Of the patients with drug-resistant epilepsy in the cohort, 54% had status epilepticus during their acute admission, and 2 of 3 patients with NORSE ended up developing drug-resistant epilepsy at 12 months.
In a new retrospective analysis, drug-resistant epilepsy (DRE) was found to be uncommon in patients with autoimmune encephalitis (AE) at 12-month follow-up, but was associated with several risk factors, including the presence of status epilepticus (SE) during acute admission and multiple biomarkers of neuronal dysfunction on electroencephalography (EEG).1
The first objective of the study, identifying the prevalence of DRE, was observed in 16% (n = 11) of the 69-patient cohort who were retrospectively followed up at 12 months. Using EEG data gathered at admission, investigators found the presence of SE (odds ratio [OR], 11.50; 95% CI, 2.81-51.86; P <.001), temporal lobe focality (OR, 9.90; 95% CI, 2.60-50.71; P = .001) and periodic discharges (OR, 19.12; 95% CI, 3.79-191.10; P = .001) were associated with the development of DRE.
Lead investigator Robb Wesselingh, MBBS, neuroimmunologist, Monash University, and colleagues concluded that the "identified biomarkers provide the basis to generate a clinically applicable prediction tool which could be used to inform treatment, prognosis, and patient selection for clinical trials." They also noted that EEG is a noninvasive and accessible tool that can serve as a potentially useful biomarker for disease prognostication.
At 12 months, 33% (n = 23) were seizure-free but still on antiseizure medications (ASMs), 48% (n = 33) were seizure-free while off of ASMs, and 19% (n = 13) had ongoing seizures.
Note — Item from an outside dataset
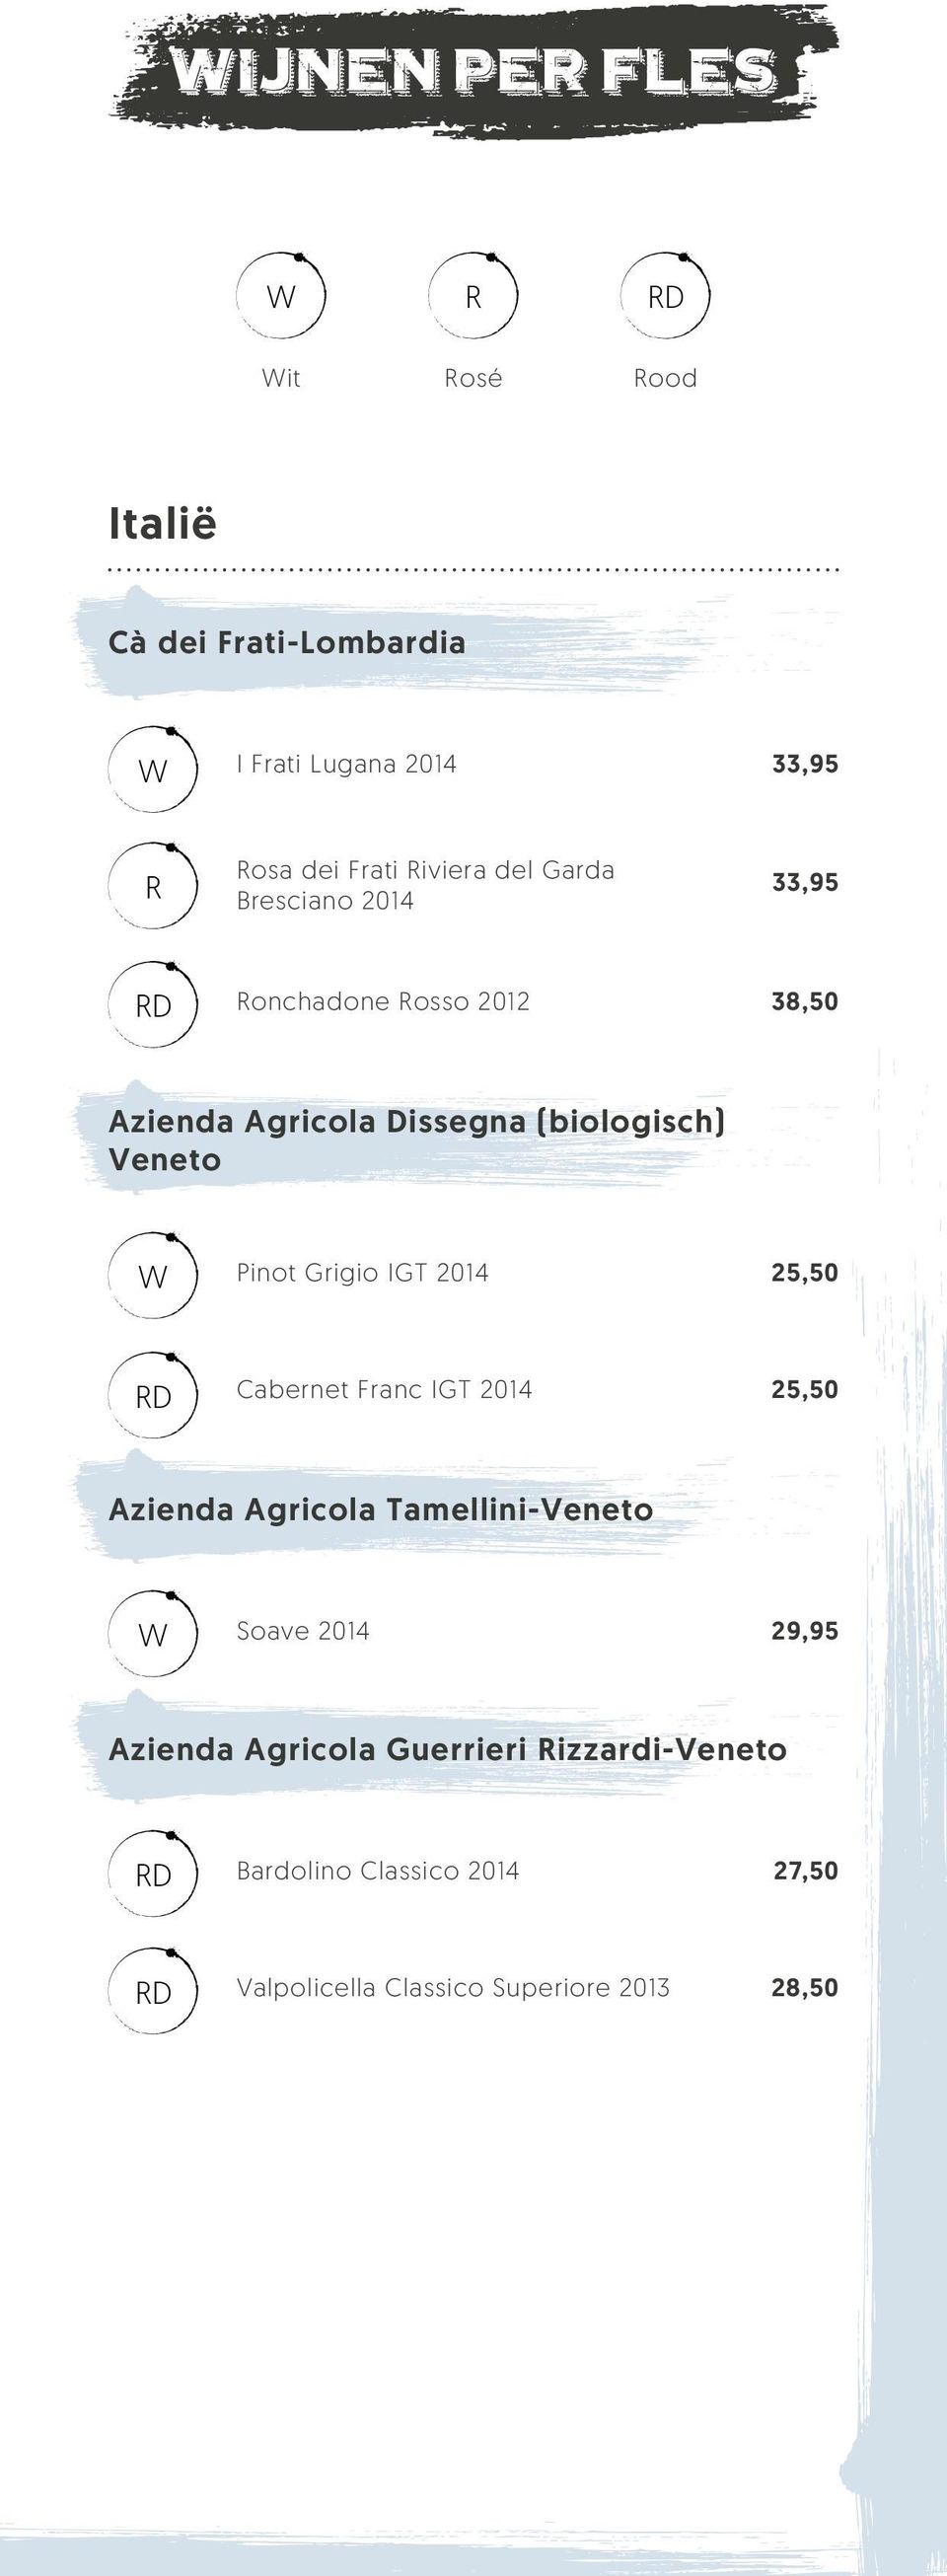 Grigio IGT 2014 25,50 Cabernet Franc IGT 2014 25,50 Azienda Agricola Tamellini-Veneto Soave 2014 29,95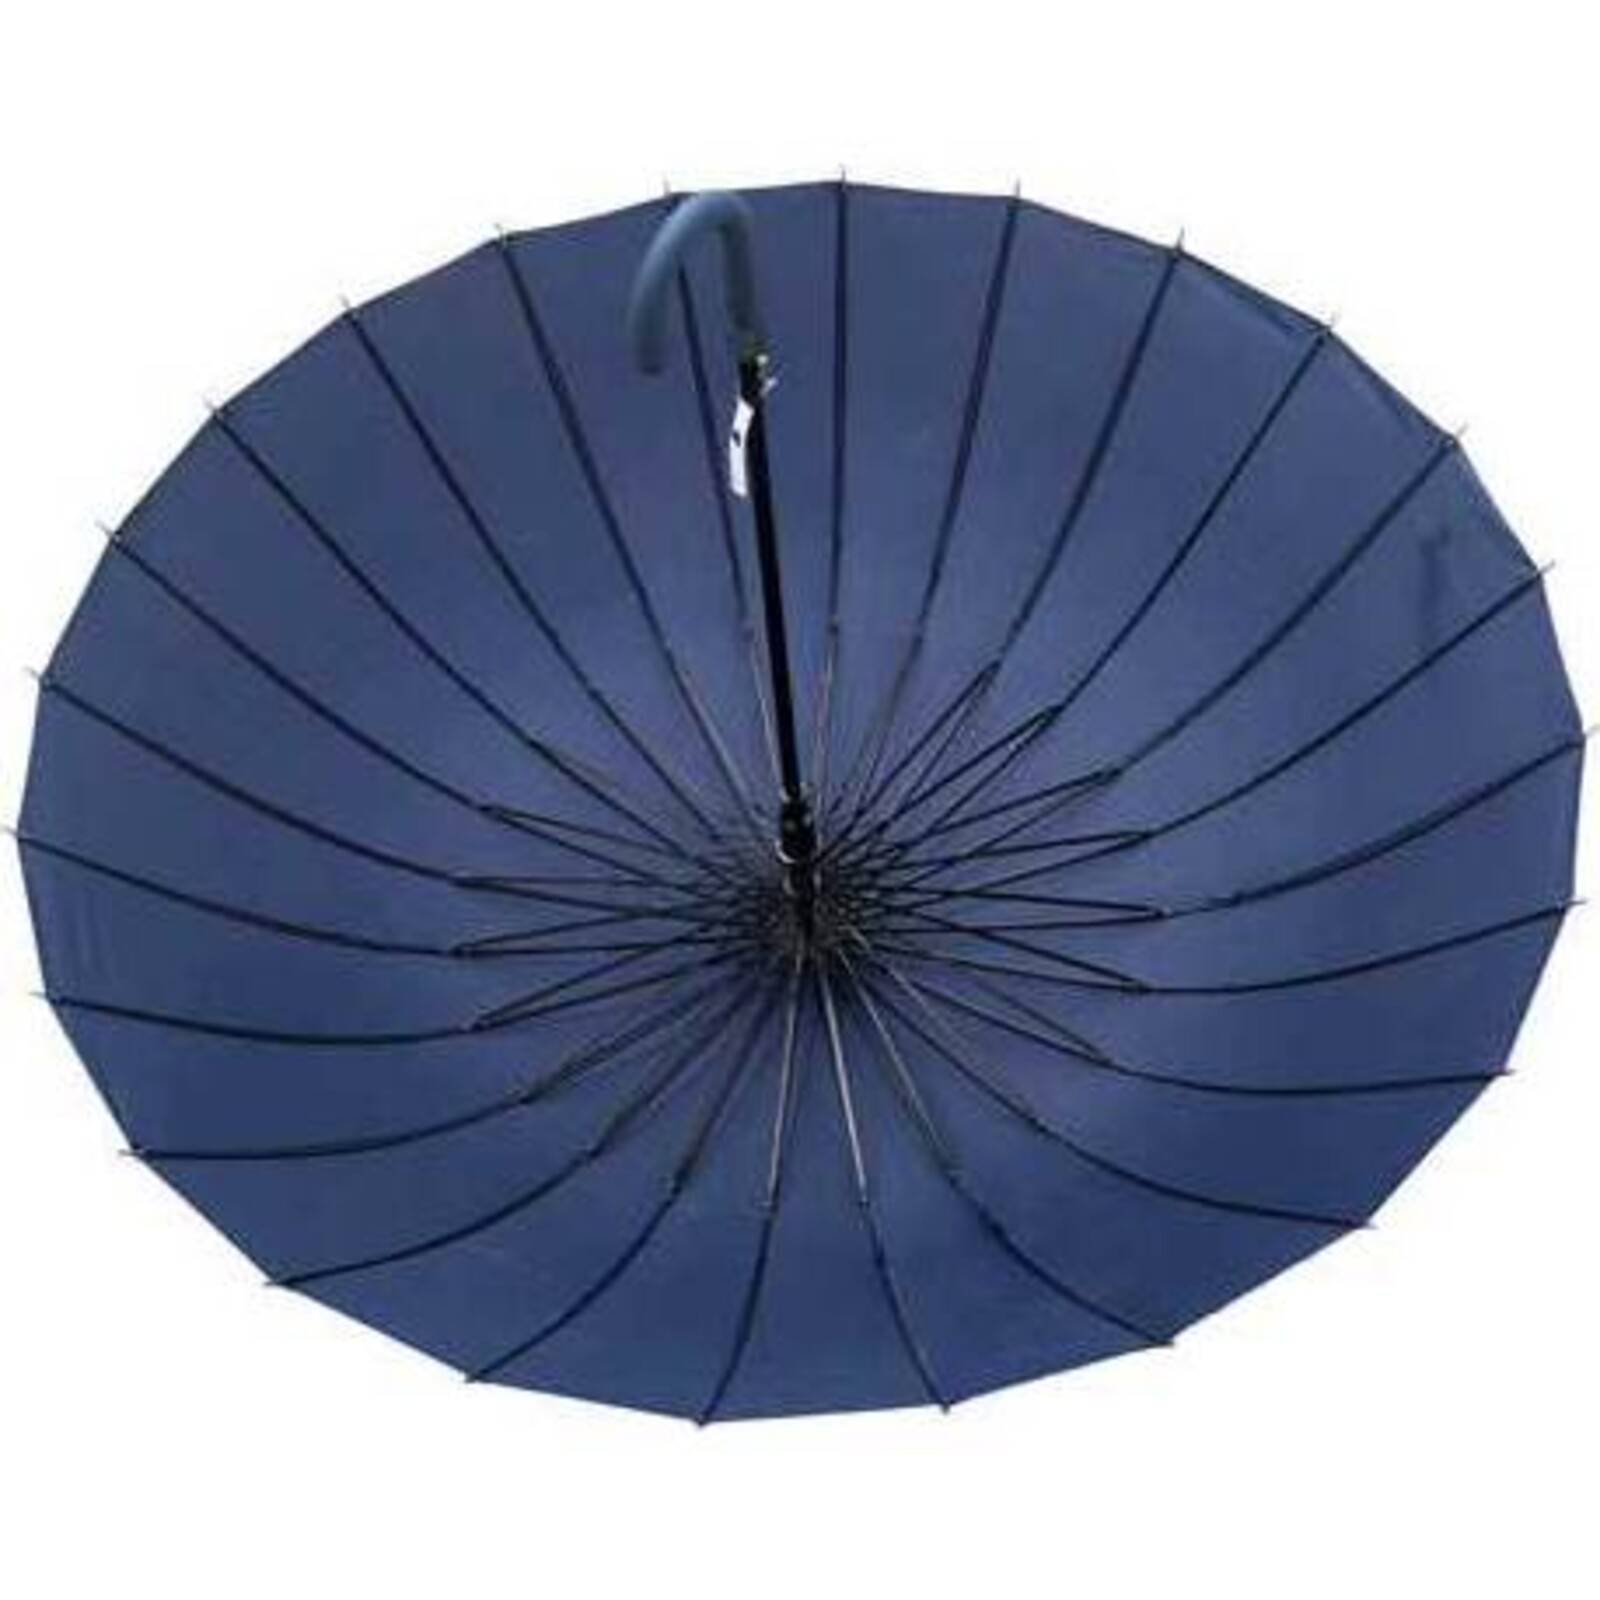 Umbrella Classic Navy

SE was reportedly more likely to occur in seronegative patients (63%), while DRE was prevalent across most subtypes aside from LGI-1 (0%).
In addition to SE, clinical variables such as focal seizures (OR, 4.24; 95% CI, 1.7-23.25; P = .04) and new-onset refractory SE at admission (OR, 30.79; 95% CI, 2.28-4379.24; P <.001) were associated with future DRE development. In terms of electrographic variables, focal abnormality (OR, 4.66; 95% CI, 1.19-38.45; P = .045), sharp elements within the abnormality (OR, 8.68; 95% CI, 2.31-43.32; P = .002), an evolving abnormality (OR, 16.68; 95% CI, 4.16-106.87; P <.001), superimposed rhythmic activity (OR, 15.78; 95% CI, 2.28-462.97; P = .02), superimposed spikes (OR, 48.18; 95% CI, 4.16-6701.22; P = .001), high amplitude abnormality (OR, 30.79; 95% CI, 2.28-4379.24; P = .01), and an abnormality with a duration greater than 1 minute (OR, 6.88; 95% CI, 1.87-33.08; P = .005) were all associated with future DRE development.
Associations between EEG biomarkers and DRE development at 12 months were examined using logistic regression modeling and were utilized to create a DRE risk score. After using a backward selection method, the final model included 3 risk factors: temporal focality of EEG abnormality (OR, 63.62; 95% CI, 5.88-3662.86; P <.001), periodic discharges (OR, 13.96; 95% CI, 1.85-196.07; P = .01), and age (OR, 8.93; 95% CI, 1.81-189.14; P = .002).
In the development of the risk score, investigators allocated 0 points to age band 50 years and older, 4 points to age band 31 to 50 years, 8 points to age band 18 to 30 years, 8 points to temporal focality of EGG abnormality, and 5 points for the presence of periodic discharges on EEG. Logistic regression function was used to calculate the probabilities of developing DRE for each point combination from 0 to 21. Probabilities from 0.2% to 18% were classified as low risk, 51% to 61% as moderate risk, and 90% to 99% as high risk.
"Once fully validated, this tool could provide better prognostication of DRE,” Wesselingh et al wrote. "However, it is currently unclear whether alteration in management can alter the clinical course, and therefore how prognostication could change management. Given there is still little known about the pathophysiology of post-encephalitic epilepsy in AIE, it is uncertain whether further antiepileptic therapy or even more aggressive or targeted immunotherapy would provide benefit for prevention of DRE once a patient has been identified as high risk."
They added that, "we believe that our score could be used in routine clinical care as well as informing clinical trials. Patients identified as having a high probability of DRE could, for instance, be randomized to examine the utility of earlier more potent immunosuppressive treatment versus standard care in preventing DRE."